Polyclonal Antibody Purification
While recombinant monoclonal antibodies have dominated the biotherapeutics market in recent years, there still is a place for conventional polyclonal reagents. Protherics (www.protherics.com) is exploiting this technology, addressing an old problem with a new strategy. Over the years sepsis treatment has been a black hole for biotech companies, with over 70 Phase II and III trials failing when monoclonal antibodies were targeted against putative cytokine mediators.
However, according to Richard Francis, Ph.D., of the process development group at Protherics, a polyclonal ovine anti-TNF produced a statistically significant response in sepsis patients in a trial conducted 10 years ago. The product, CytoFab, is part of the Protherics R&D portfolio and further clinical trials are planned for 2007.

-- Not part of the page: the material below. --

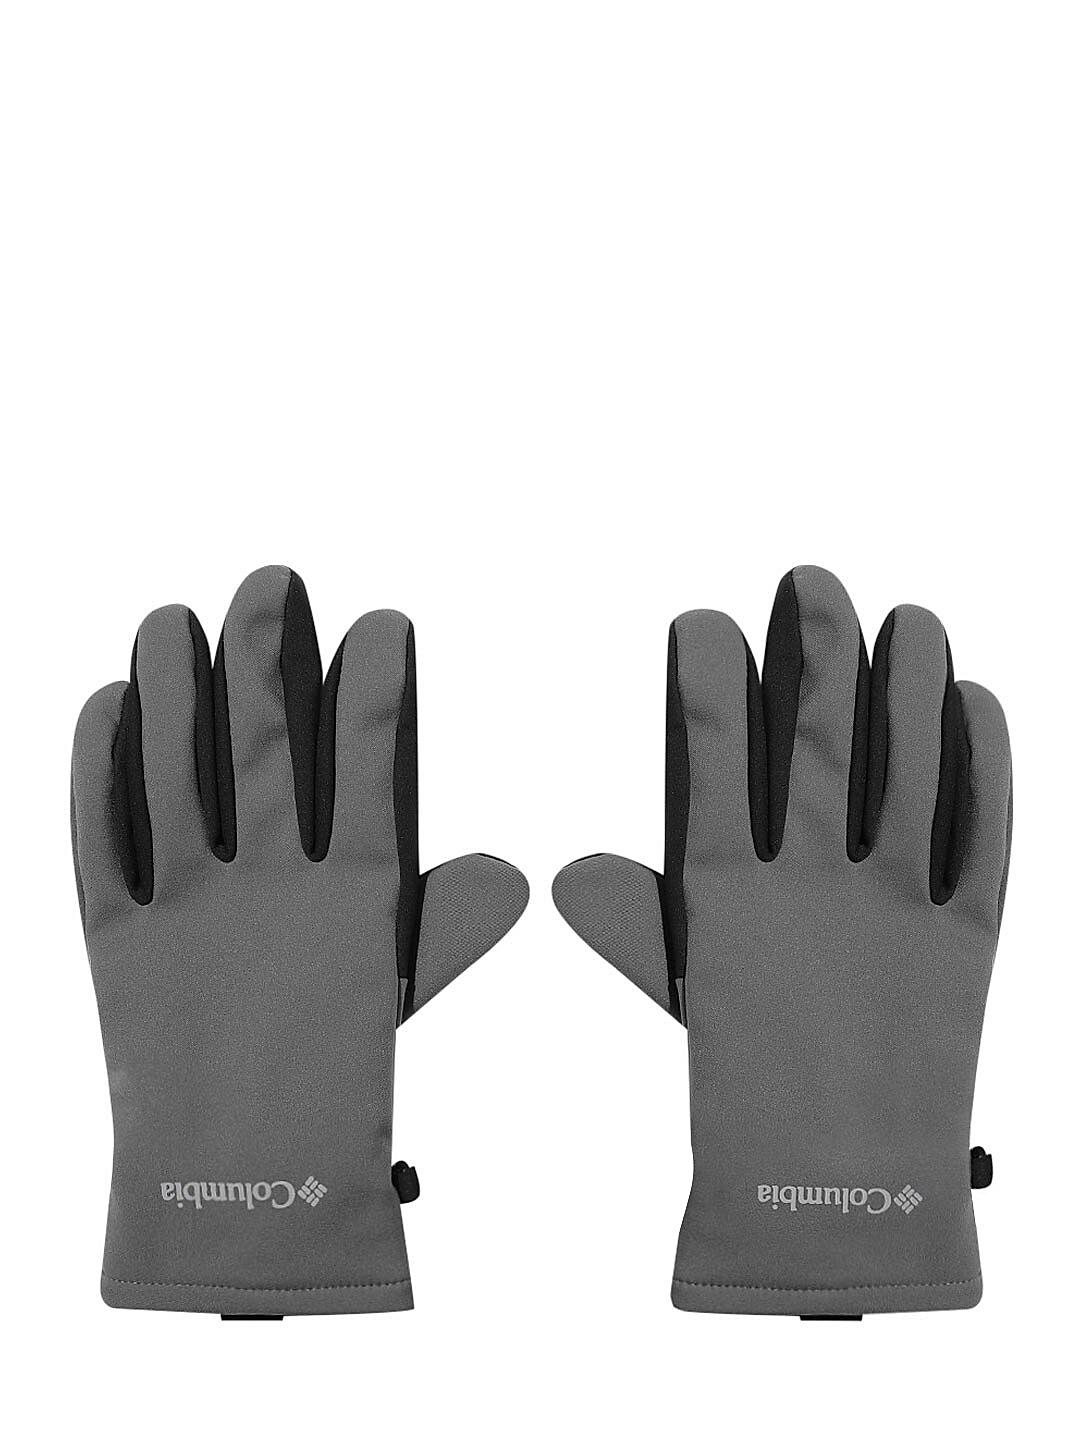 Gear Check: Heat 2 Softshell Photography Glove

These results placed demands on Dr. Francis’ team for a robust purification protocol that worked from a holistic point of view, in manner similar to that employed by Dr. Sardonini. This resulted in evaluation of a 1.8 M diameter column, whose behemoth size was dictated by the vast amounts of antibody (running to tens of kilograms) obtained from an Australian sheep herd immunized with a-TNF. Average amounts of antibody hovered around 5–6 g/L in serum. Since Australia is free of Mad Cow disease, this concern is obviated.

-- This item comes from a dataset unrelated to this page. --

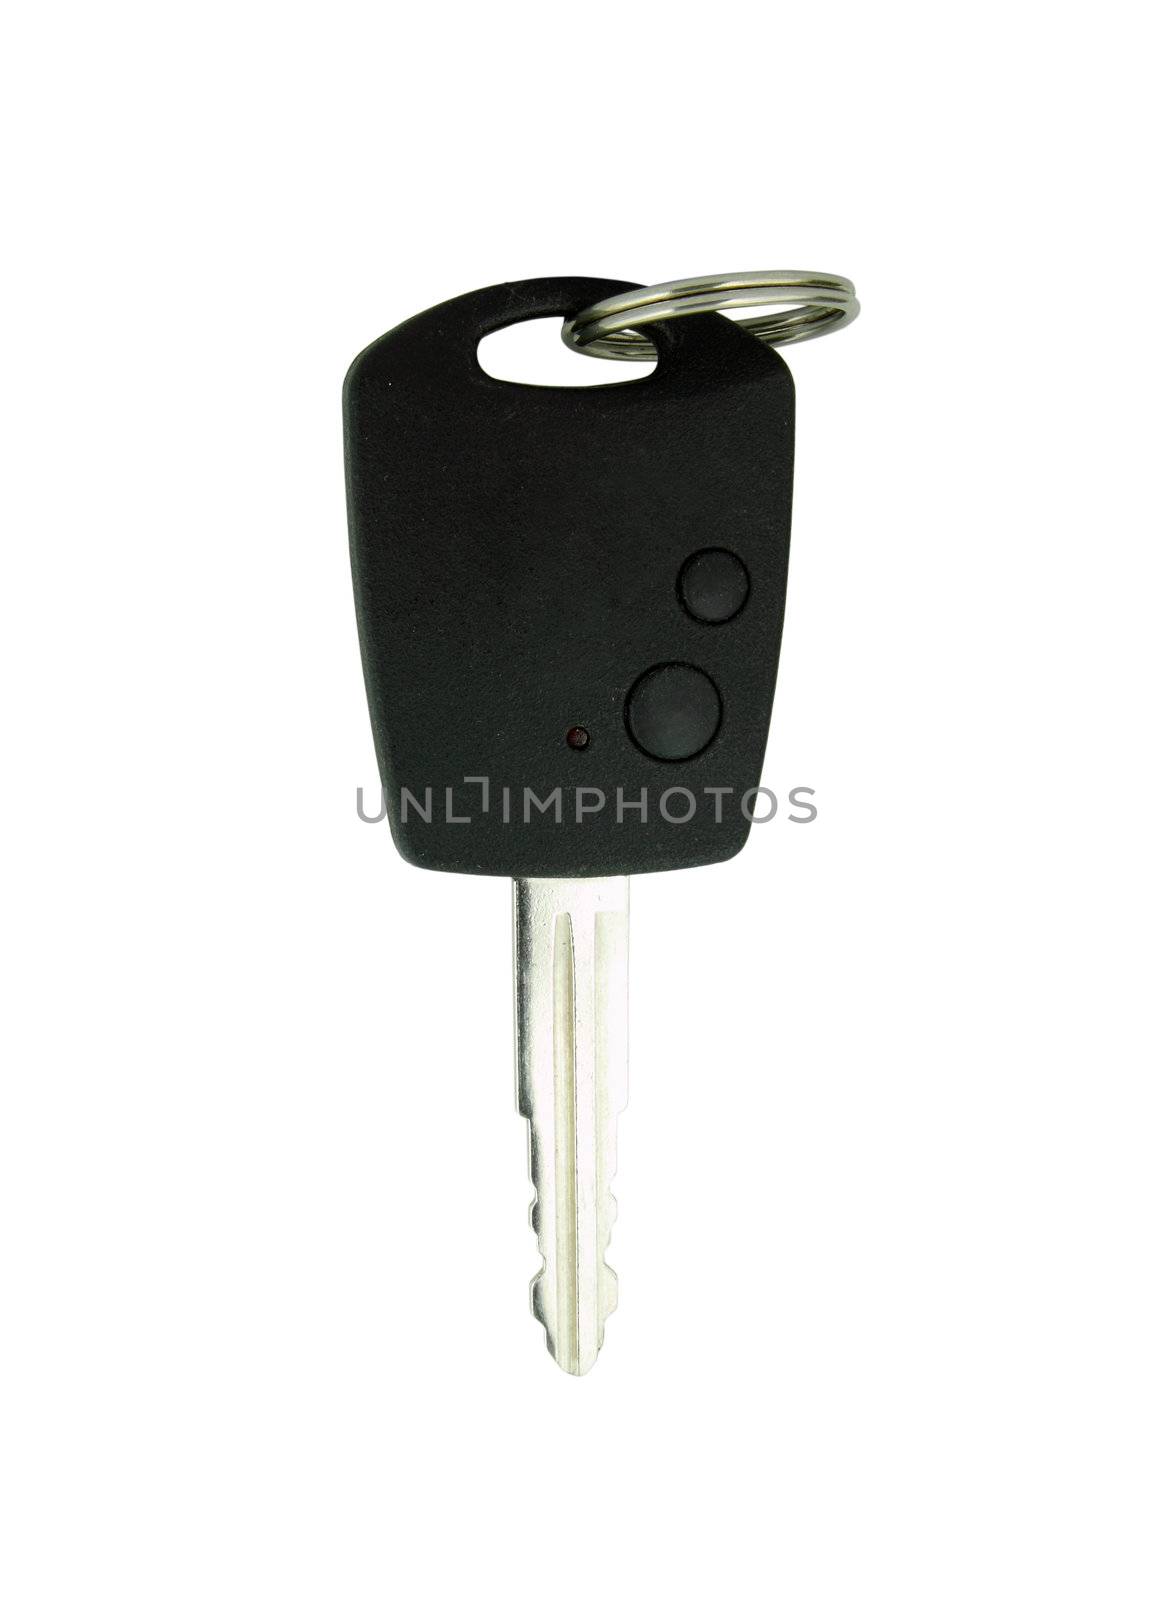 car key remote control on white

The purification modeling involved small initial volumes, which were gradually increased. Dr. Francis emphasizes that the scaleup process required close cooperation with the FDA, as many minor changes were required during its development. This flexibility allowed a large reduction in cost and better consistency in batches as the protocol moved forward.
The Cytofab polyclonals provide rapid neutralization of TNF, according to Dr. Francis, an outcome not achieved in years past through the use of monoclonal antibodies, which may explain their superior performance over Remicade. There is a substantial interest in recombinant polyclonals, however, Dr. Francis believes that the Cytofab technology at this stage is more cost effective.
Because of the cost of gargantuan quantities of purification reagents, such as Proteins A, L, and G, for such a project, Dr. Francis’ team elected to use MABsorbent® A2P (Prometic Biosciences; www.prometic.com) as a feasible alternative. The compound is composed of a di-substitued phenolic derivative of tri-chlorotriazine and is commercially available coupled to a 6% cross-linked agarose base matrix. The ligand is thought to mimic the structure of two critical amino acids side chains of Protein A, essential for the complexing of Protein A to the Fc region of the IgG molecule.
Dr. Francis’ team found that the material could be reused over 100 cycles with no drop in IgG purity. “It is important to consider GMP when developing a purification process and A2P provides a feasible alternative for large-scale antibody fragment purification.”
“The increasing demand for proteins such as antibodies has led to rapid expansion of global manufacturing capacity, increased reactor size (up to 20,000 L), and a drive for improved process efficiency to reduce manufacturing costs,” according to John Birch, Ph.D., of Lonza Biologics (www.lonza.com). “We are concerned with expression technology and process optimization, especially the development of fed-batch cultures.”